Пащука от этих слов передергивает.
— Полегче, Герард. Чего грозишься.
— Отец, скажи ему, что я ухожу в Хробжицы, там буду работать, — кричит Юр.
— Работать. В постели, — недоверчиво ворчит старый Пащук.
— Слыхали? — в бешенстве взвивается кузнец. — В Хробжицы он уходит, доннеркурвер. Обработали парня!
Мундек Варденга тем временем поднялся, пригладил чуб и, неожиданно сунув два пальца в рот, пронзительно свистнул:
— Ребята-а-а!..
— Беги, Ромек! — пугается Терезка.
Сумятица растет.
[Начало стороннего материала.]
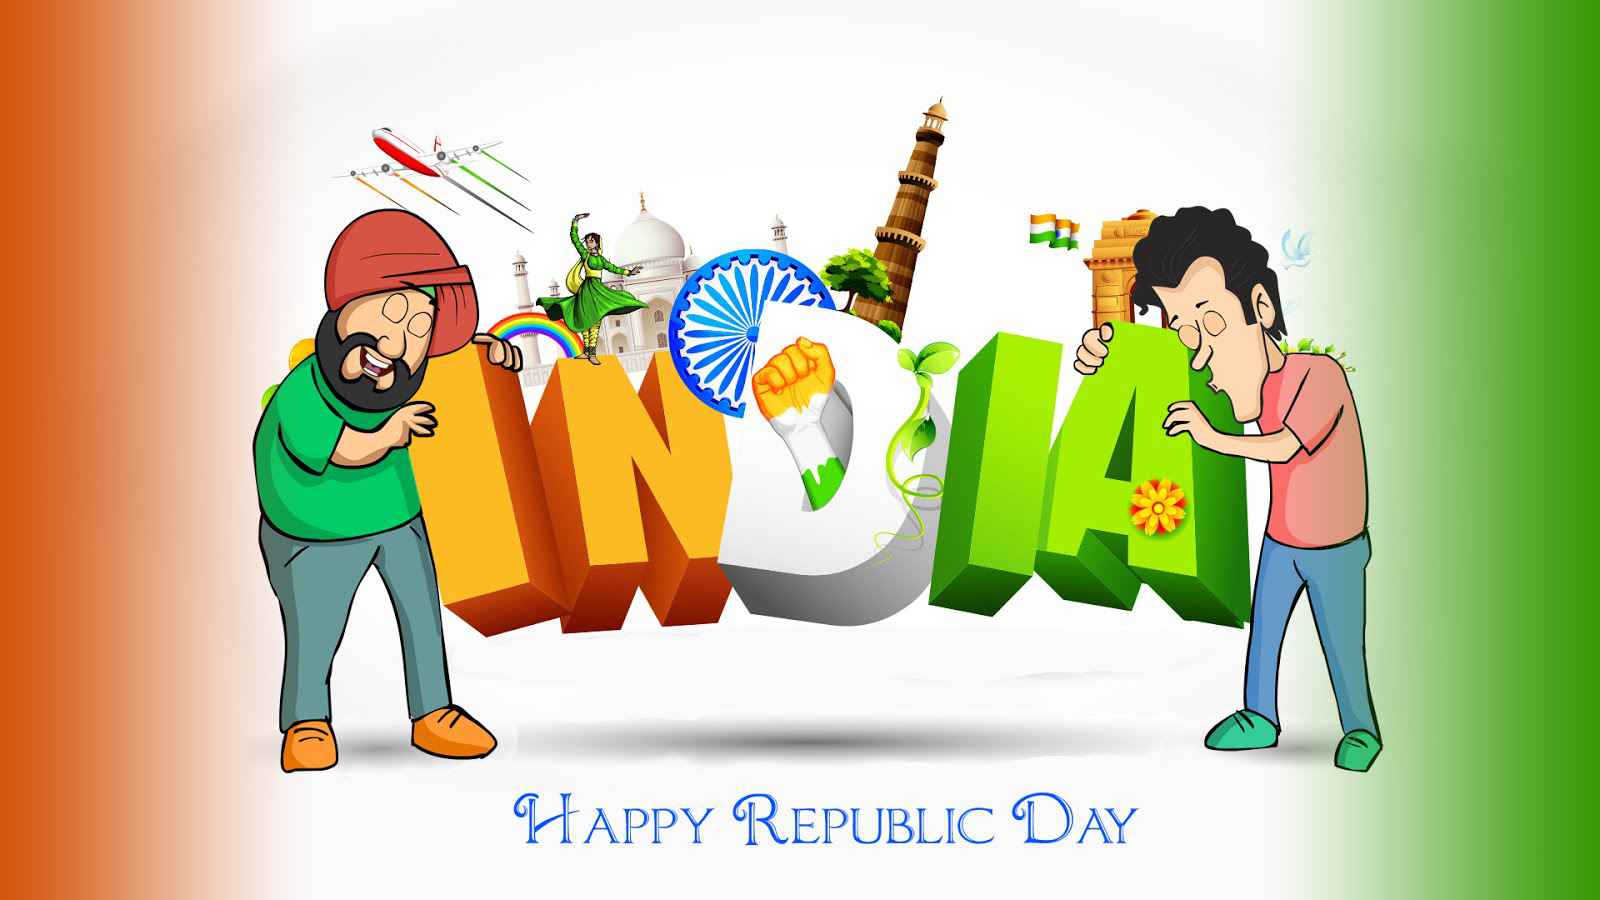 Happy Republic Day 2021 HD Image with Quotes Free Download

Варденга схватывается с Юром. На них, вслепую колотя друг друга, наваливается куча защитников и врагов. Юр, старый Кондера и тощий хробжичанин заслоняют головы от ударов. Веселья как не бывало. Дерутся все.
— Бей хробжицких! — хрипло орет Макс.
— Убирайтесь отсюда! Вон! — кричит Януарий.
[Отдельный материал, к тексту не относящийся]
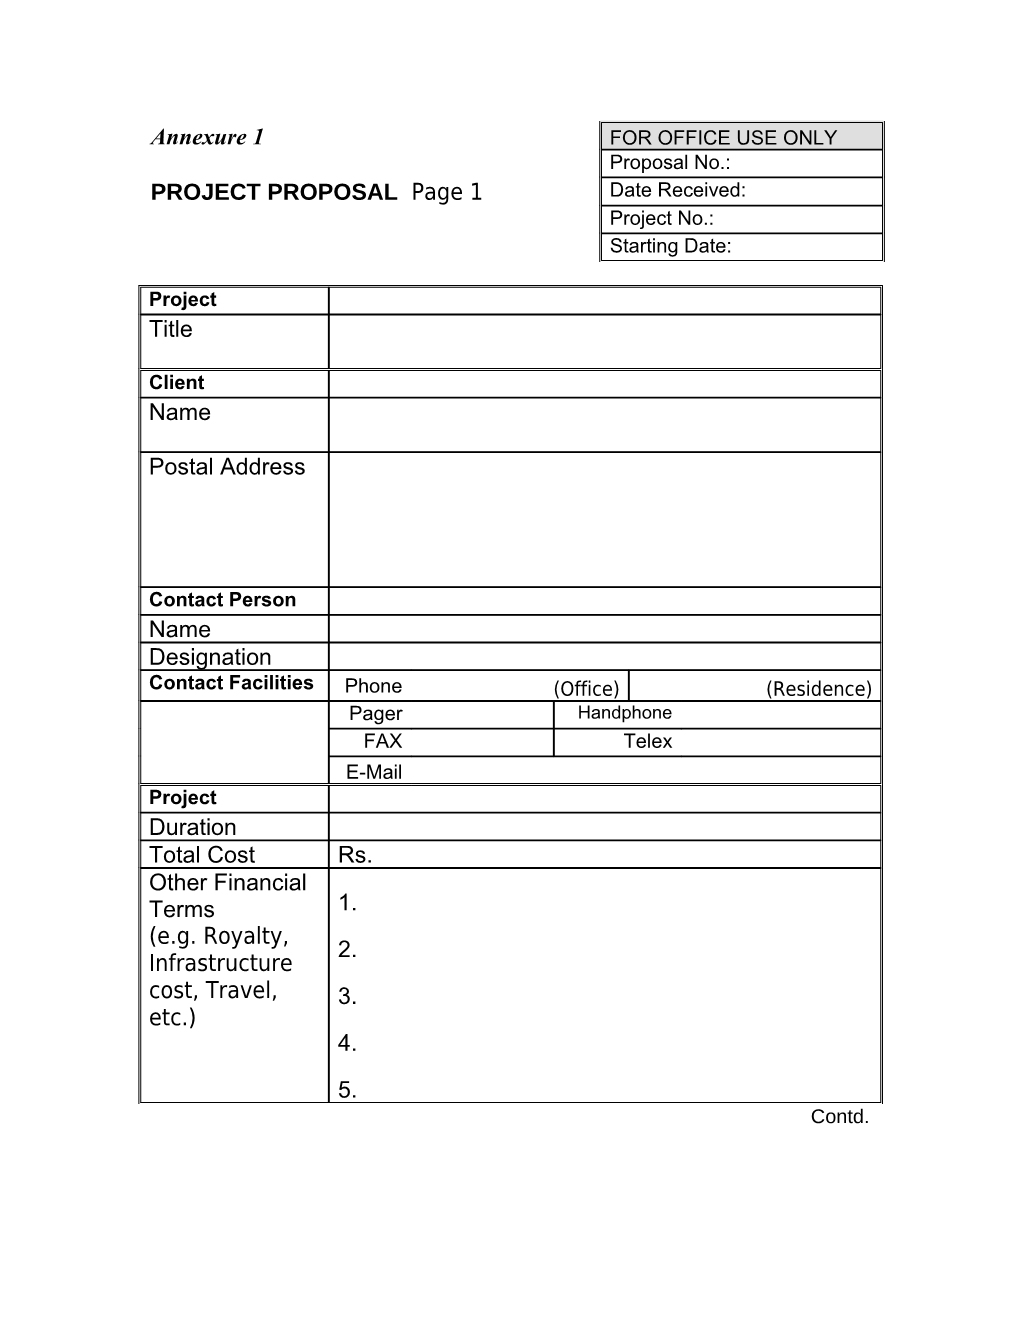 PROJECT PROPOSAL Page 2

Буфетная стойка трещит под напором тел.
— Держи ящик, Януарий, — умоляет Пшивлоцкая.
Макс сцепился с Кондерой, они теряют равновесие — и опрокинутый буфет с грохотом падает. Зависляк, в глазах которого загорается мрачный огонь, перепрыгивает через обломки буфета и бросается Максу на спину, пытаясь схватить его за горло, но в тот же миг получает солидную оплеуху от кузнеца. На кузнеца наскакивает Семен:
— Не бить! Не бить!
Дерутся все со всеми. Сбитые с ног хробжичане на четвереньках пытаются пробраться сквозь гущу сплетенных тел.
— Папа! — слышит Кондера и одновременно слышит другой крик, дикий, хриплый:
— На улицу их! В воду!
Музыка, запнувшись, смолкает, но Балч, не переставая танцевать, кричит:
— Играть!
Агнешка задевает ногой катящуюся по полу пустую бутылку и, не закончив па, бессильно повисает в объятиях Балча. Вся комната кружится у нее перед глазами, кружится распахнутая дверь в ее комнату, кружатся, приближаясь, фигуры троих ее друзей. Стах бежит к ней, что-то крича, вырывает ее из цепких рук Балча. Грохочет выстрел — и гаснет свет, с легким звяканьем сыплются осколки разбитой лампочки. Балч отпускает Агнешку и врезается в толпу дерущихся. В дверях, ведущих на крыльцо, толчея, оттуда доносится шум драки и умоляющие крики хробжичан, которых волокут на улицу. Агнешка, еще не опомнившись после сумасшедшего танца, покорно позволяет Стаху увести себя. Едва все четверо успели войти в комнату, как о противоположную стену со звоном разбивается брошенный им вдогонку кусок стекла. Испугавшись, они запирают дверь. Бежать через окно! Иза сует Агнешке упакованный несессер и выскакивает первой. Стах и Толек помогают Агнешке. И наконец все подбегают к мотоциклам.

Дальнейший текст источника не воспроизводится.